Именно в этом пятом мире и сидел сейчас потный измождённый белый человек. Он выложил ноги на обочину и скрёб землю из-под ногтей. Ему не хотелось вымирать, от одной этой идеи его тошнило и коверкало. Даже без идей его коверкало: погода плюс отсутствие минеральных веществ в организме. Поджёг сигарету, но тоже не пошло – прокурил душу, и она тлела там, внутри, источая неприятные запахи.

– Крестовый поход против иррациональных убеждений начался, – так он сказал, и оно услышало, всё окружающее услышало его слова.

Надо было подождать, надо было оправиться, но человек всё же поднялся и медленно потянул себя вперёд, первая нога – шаг, вторая нога. Он шёл с ранами, замазанными колдовским внушением, он шёл по тропинке к машине, а вокруг дети на канистрах ездили, а вокруг постиранные пакеты, а он ни на что не смотрел по-настоящему, а так только констатировал, потому что сложно что-то увидеть человеку, если у него чернила каракатицы вместо зрачков.

Внушение выглядит как чернила каракатицы. Они годами висят в голове компактной тёмной каплей, и растворяется эта капля не раньше, чем на что-то наткнётся. Форма капли отображает контуры хозяина, который её выпустил.

Сейчас он – хозяин капли. Шизогония, озноб, жар, пот, бред и глубокая остановка логики – это его определяющие. Когда-то раньше сам влип, а теперь виноваты были все подряд, хотя это он сам виноват.
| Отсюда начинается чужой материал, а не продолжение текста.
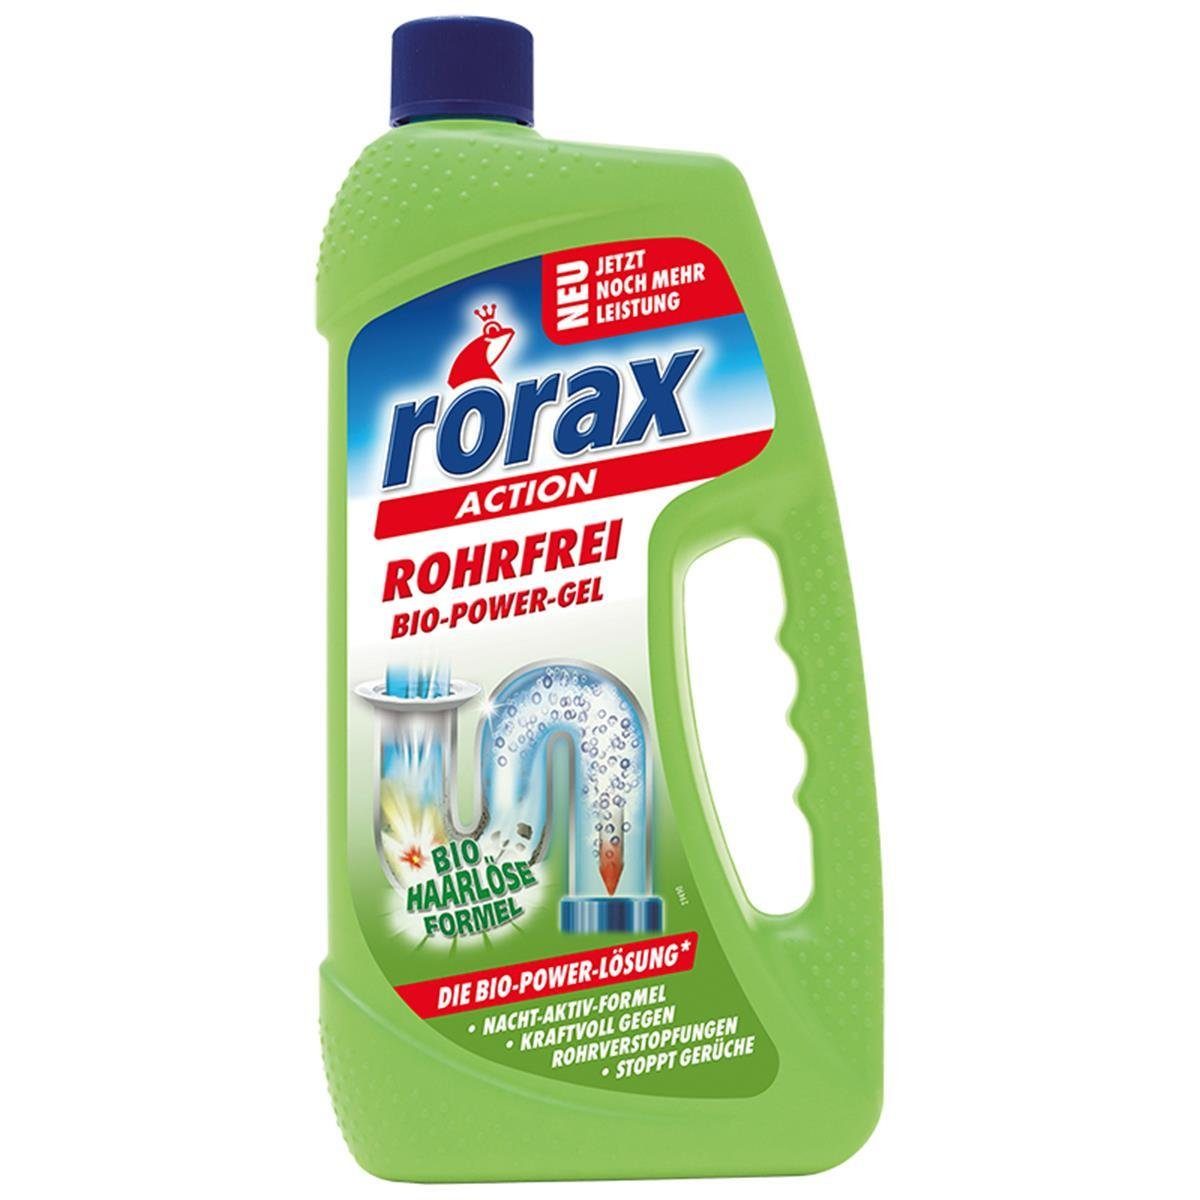 rorax rorax Rohrfrei Bio-Power-Gel 1 Liter - Löst selbst Haare auf Rohrreiniger | Rohrreiniger

Думал хоть что-то рассмотреть – давил на виски́, старался. В итоге увидел, что там было повреждено пространство, и чувствовал, что ему в голову лезут различные мысли, он сам их не звал, но они заскакивали туда. Информация валилась из внешнего поля, и все секреты прочитывались интуитивно.

Позже двигался другим телом, смотрел не из себя, носил чужие воспоминания – вспоминал, а там чужое всё, в итоге ничего не помнил. На руку были насажены чемоданы, сидели плотно, как внешняя жизнь вросла, но отделался, оставил чемоданы в лесу среди заросших теней, бросил, ушёл. Только потом понял, что́ в чемоданах. Бежал обратно, чтобы забрать – не нашёл.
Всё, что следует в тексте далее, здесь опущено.